A lot of my probability mass for AIs doing bad things comes from a mixture of out-of-context reasoning and situational awareness leading to unexpectedly intelligent behaviour. Models have been shown to be capable of doing these. I'd predict both of these (especially co-occurring) would degrade the extent to which an alignment token / conditioning would work.
There might be other capabilities models acquire on the way to stronger performance like the aforementioned ones that interact with this in a negative way.
I don't think this actually addresses inner alignment as effectively as you imagine. I think in the situation you're considering where you prompt the model with this alignment conditioning, it's not guaranteed that the model will have correctly generalised the meaning of this objective from what it saw in pre-training to being a totally aligned agent. I agree it probably helps a lot, but you still face the same-old inner-alignment issues of correctly generalising something that was seen in (pre-)training to deployment, when deployment looks different to training. This is somewhat of a generalisation of points 2-4 above.
Whilst this helps a lot with outer-alignment, I don't think it solves that completely either. Yes models are able to recognise and probably correctly annotate a lot of data for pre-training, but are we really confident this is going to effectively capture human values, or some coherent-extrapolated-volition thereof? Even with all annotations correct, this objective seems like "output nice, safe-looking text that a human might output" and not "genuinely optimise for human values". Value alignment aside, it's probable this method will greatly help with intent alignment, and whilst intent alignment is probably a good target for current frontier AI, it that comes with many of its own problems, primarily misuse, where another large chunk of my P(doom) comes from.
I also want to generalise points 3, 4, 6, and what Steven Byrnes is claiming into: Training a model to act like an aligned human-level intelligence is not the same as training a model to act like an aligned super-intelligence, and whatever we do to raise capabilities here may also alter or break alignment, and so cannot be relied upon.

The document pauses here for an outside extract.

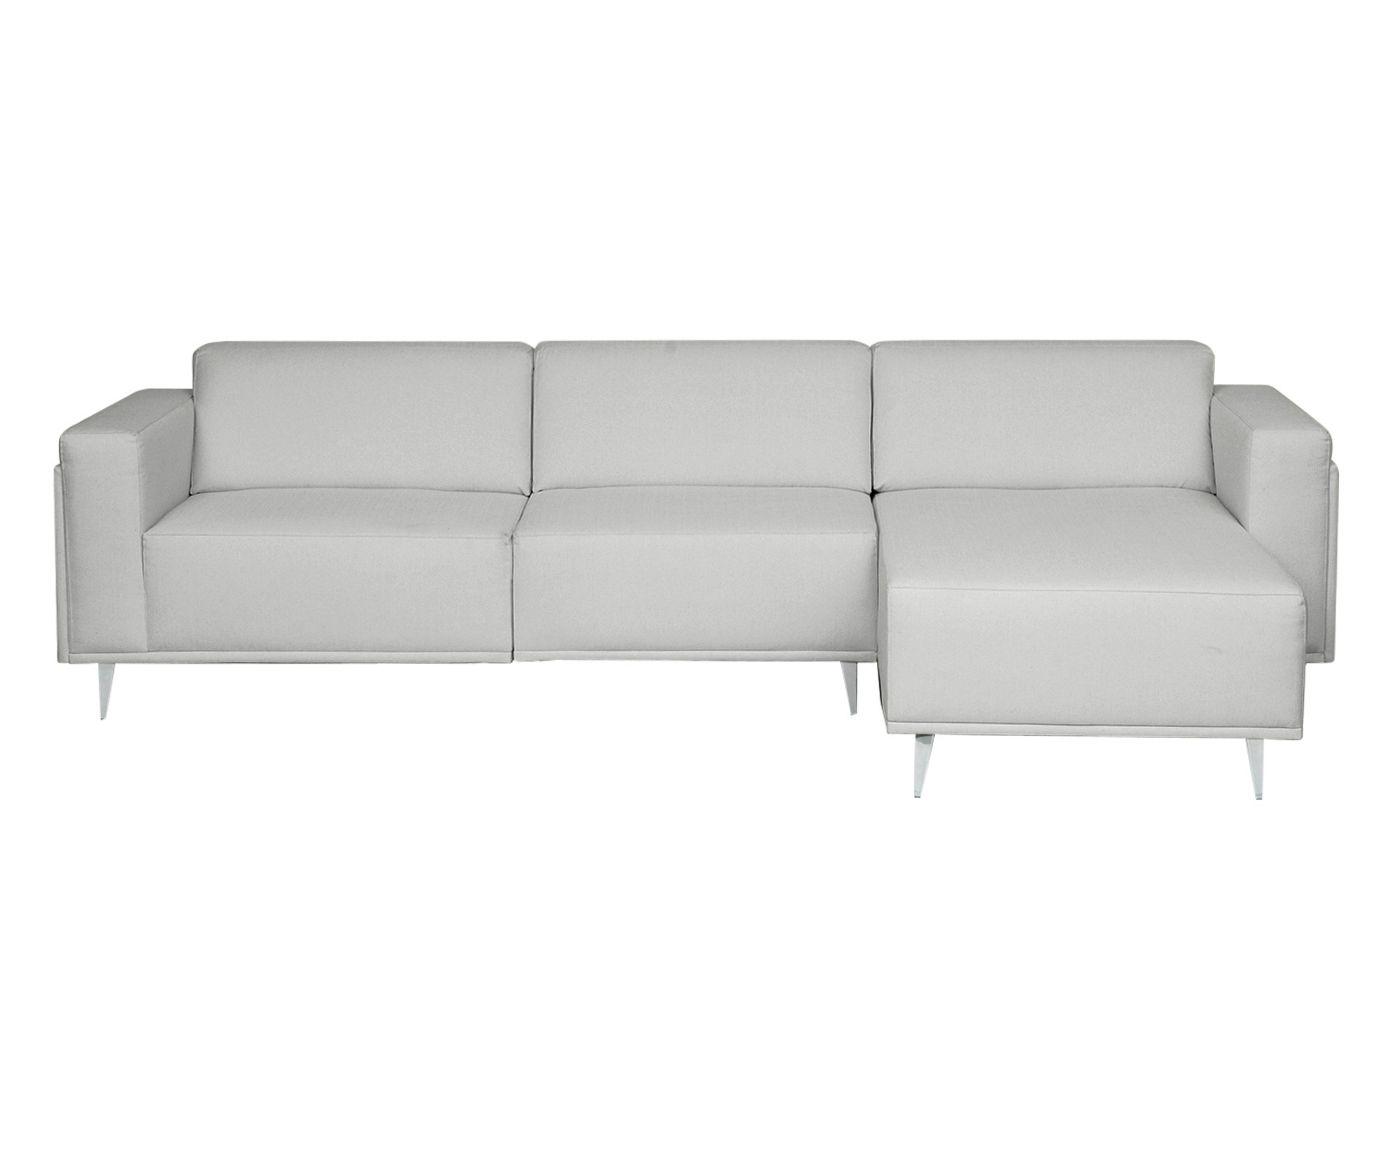 Sofá Modular com Chaise Esquerda Antonio Cinza Garoa - 280cm | Westwing.com.br

TL;DR I think safety pre-training is probably a huge boost to alignment, but our work is far from done and there are still lots of issues / uncertainties.

[-]RogerDearnaley6mo20

RL is not as bad as you make it out to be. The short version is that RL is about reinforcing good behaviour that has been sampled from the model. The model does not have access to the reward signal directly, and is not engaging in planning or search to maximise received reward during the RL process by default (though it could learn to start doing this if it was sufficiently intelligent, self-aware, and trained via RL long enough). The longer version is here and here.

I don't pretend to be an expert on RL. However, I have read a number of papers by people who are (and give links to some of them above), and together they read to me as pretty damning.

Obviously RL can give a model new behaviors: for example, AlphaZero was trained entirely by RL from zero to superhuman at Go. However, even if were the case that RL as used in practice for aligning LLMs primarily just reinforces behaviors already in the base model (a claim that I'd love to see sources for and read more about), humans are not aligned, and have plenty of unaligned behaviors (e.g. self-interest, deceit, power-seeking, assorted vices…) that could be extremely dangerous if reinforced in an AGI (let alone an ASI), so I don't regard that as being inherently safe.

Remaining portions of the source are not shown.